A property can also be conceptually provable, but the model used by
|GNATprove| can currently not reason about it [MODEL]. (See
:ref:`GNATprove Limitations` for a list of the current limitations in
|GNATprove|.) In particular using the following features of the language
may yield checks that should be true, but cannot be proved:

* Floating point arithmetic
* The specific value of dispatching calls when the tag is known

In the cases where no prover can prove the check, the missing information can
usually be added using ``pragma Assume``.

.. index:: ghost code; investigate unproved checks

It may be difficult sometimes to distinguish between unprovable properties and
prover shortcomings (the next section). The most generally useful action to
narrow down the issue to its core is to insert assertions in the code that
`test` whether the property (or part of it) can be proved at some specific
point in the program. For example, if a postcondition states a property (P or
Q), and the implementation contains many branches and paths, try adding
assertions that P holds or Q holds where they are expected to hold. This can
help distinguish between the two cases:

* In the case of an unprovable property, this may point to a specific path in
  the program, and a specific part of the property, which cause the issue.
* In the case of a prover shortcoming, this may also help provers to manage to
  prove both the assertion and the property. Then, it is good practice to keep
  in the code only those assertions that help getting automatic proof, and to
  remove other assertions that were inserted during interaction.

.. index:: --info; investigate unproved checks

When using switch ``--info``, |GNATprove| issues information messages regarding
internal decisions that could influence provability:

* whether candidate loops for :ref:`Automatic Unrolling of Simple For-Loops`
  are effectively unrolled or not;
* whether candidate subprograms for :ref:`Contextual Analysis of Subprograms
  Without Contracts` are effectively inlined for proof or not;
* whether possible subprogram nontermination impacts the proof of calls to that
  subprogram (see the note in the section on :ref:`Subprogram Termination`)

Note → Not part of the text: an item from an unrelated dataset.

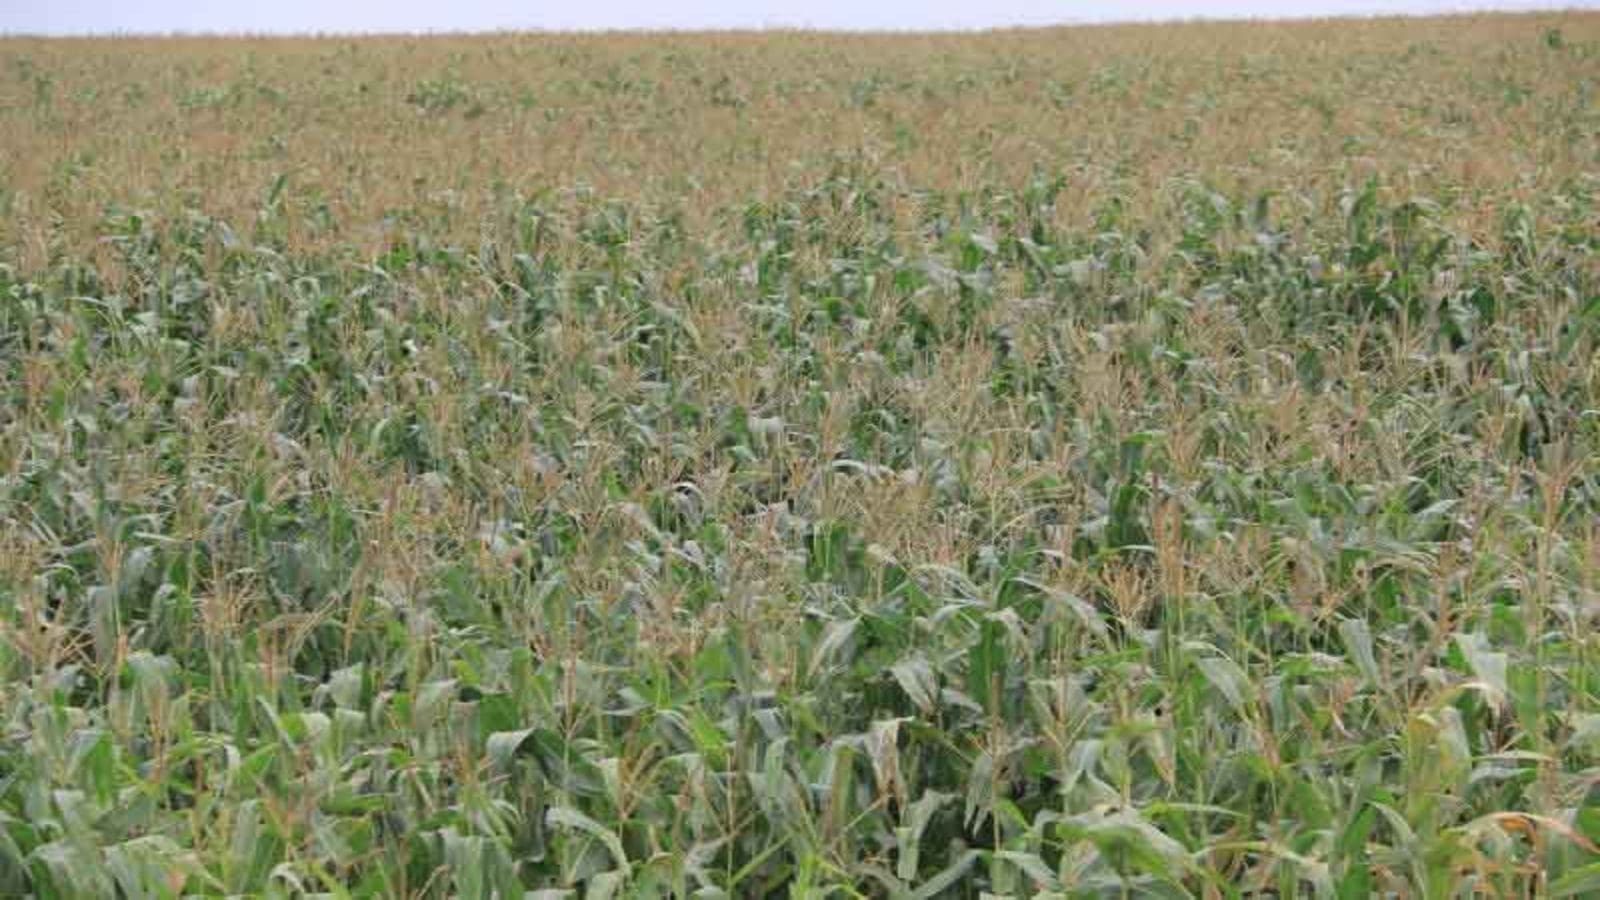 Kenya to cultivate maize crops on 500,000 acres of idle public land
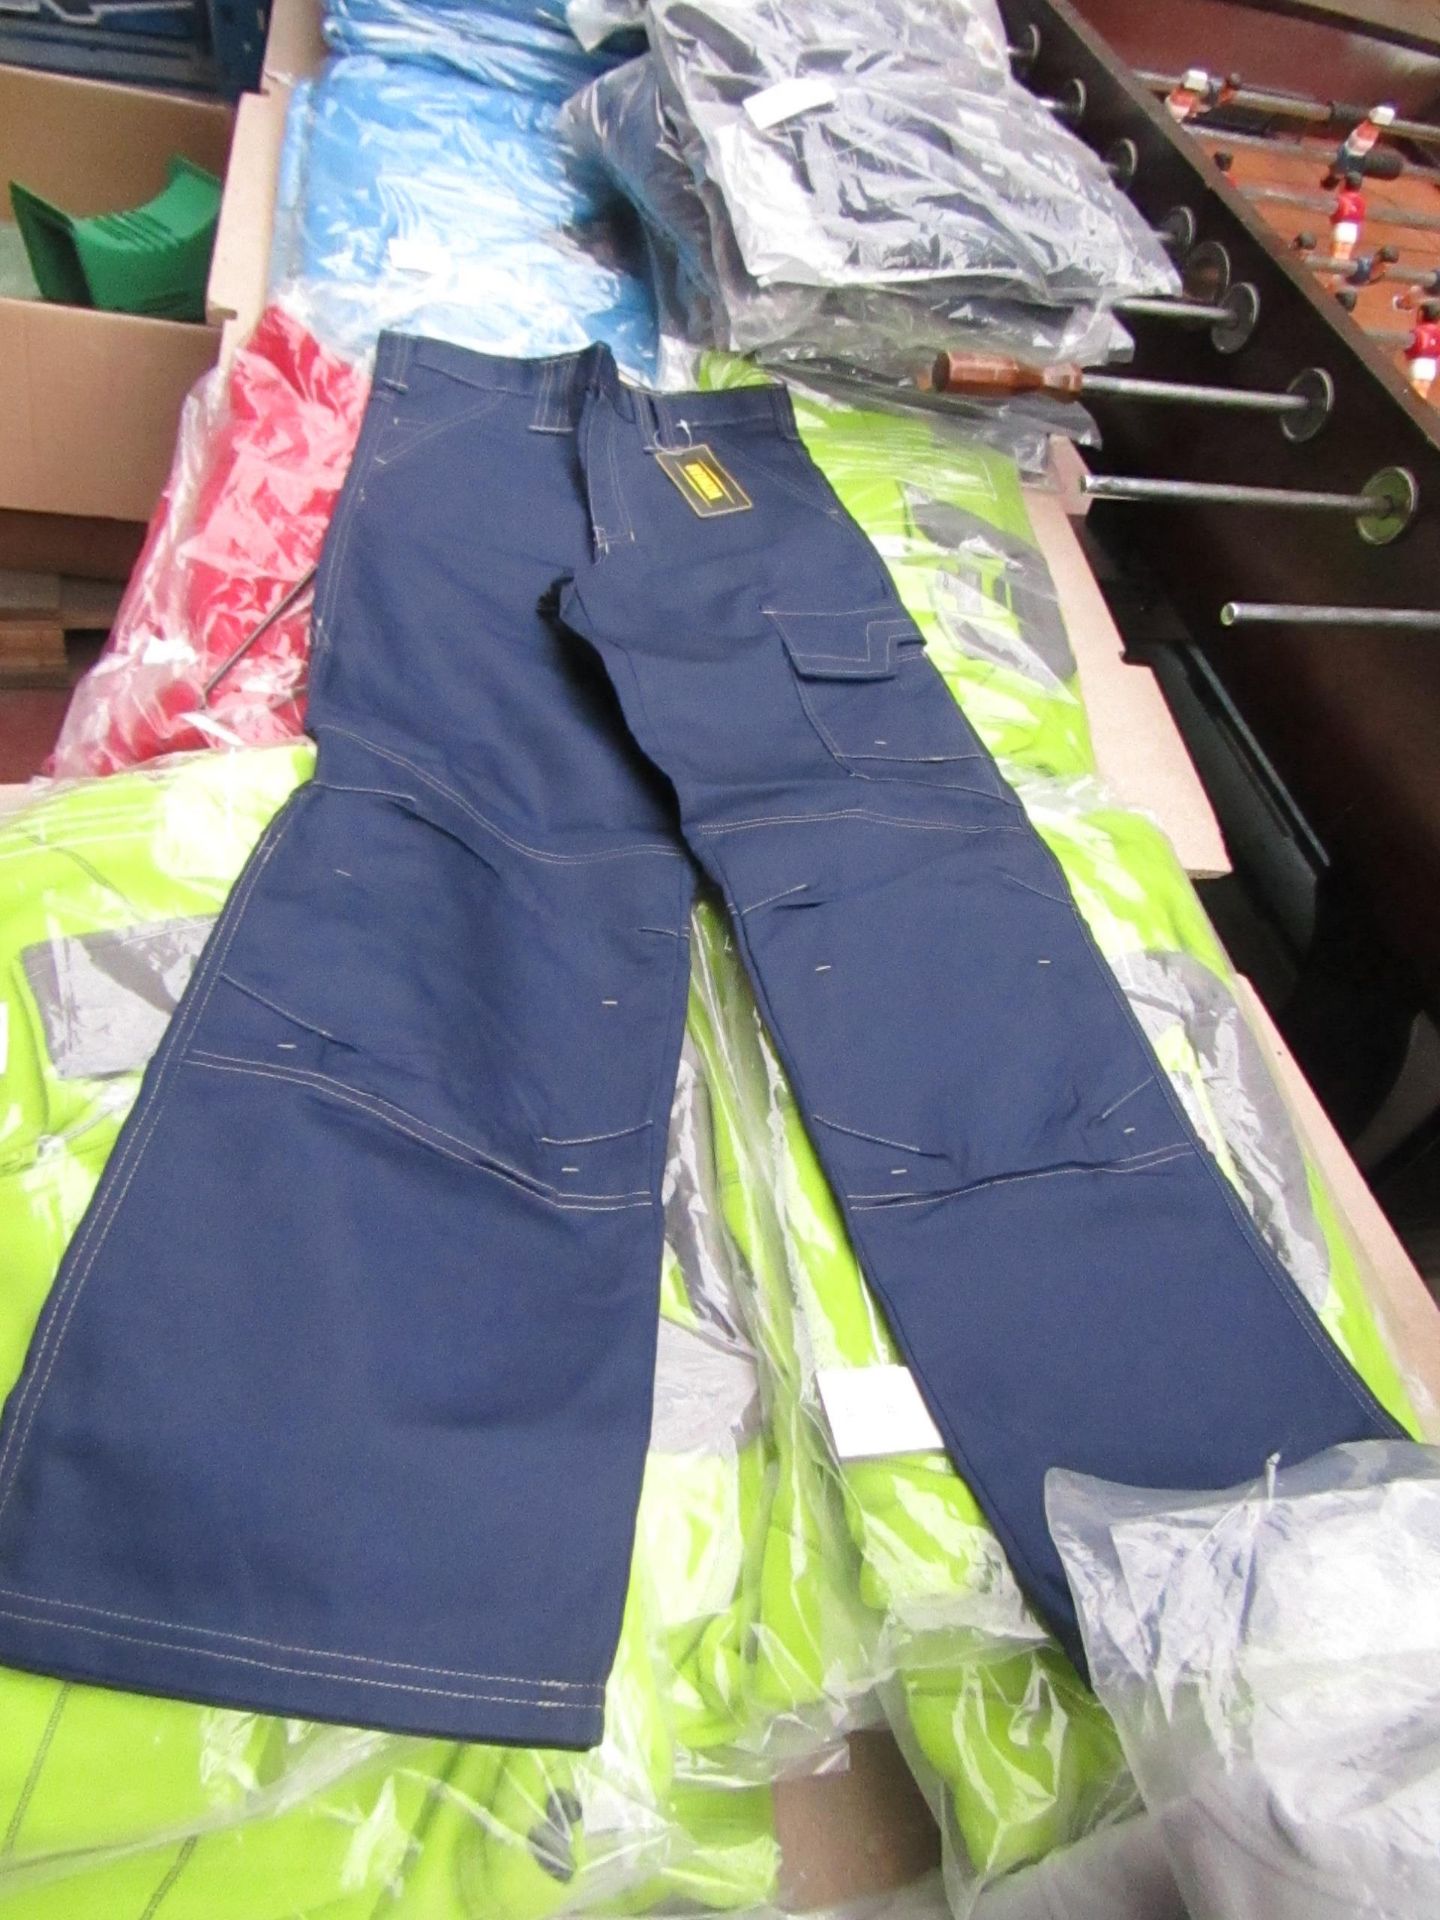 Vizwear action line trousers, size 28R, new and packaged.

.. index:: --level; investigate unproved checks

Investigating Prover Shortcomings
---------------------------------

The last step is to investigate if the prover would find a proof given enough
time [TIMEOUT] or if another prover can find a proof [PROVER]. To that end,
|GNATprove| provides switch ``--level``, usable either from the command-line
(see :ref:`Running GNATprove from the Command Line`), inside GNAT Studio (see
:ref:`Running GNATprove from GNAT Studio`) or inside GNATbench (see :ref:`Running
GNATprove from GNATbench`). The level of 0 is only adequate for simple
proofs. In general, one should increase the level of proof (up to level 4)
until no more automatic proofs can be obtained.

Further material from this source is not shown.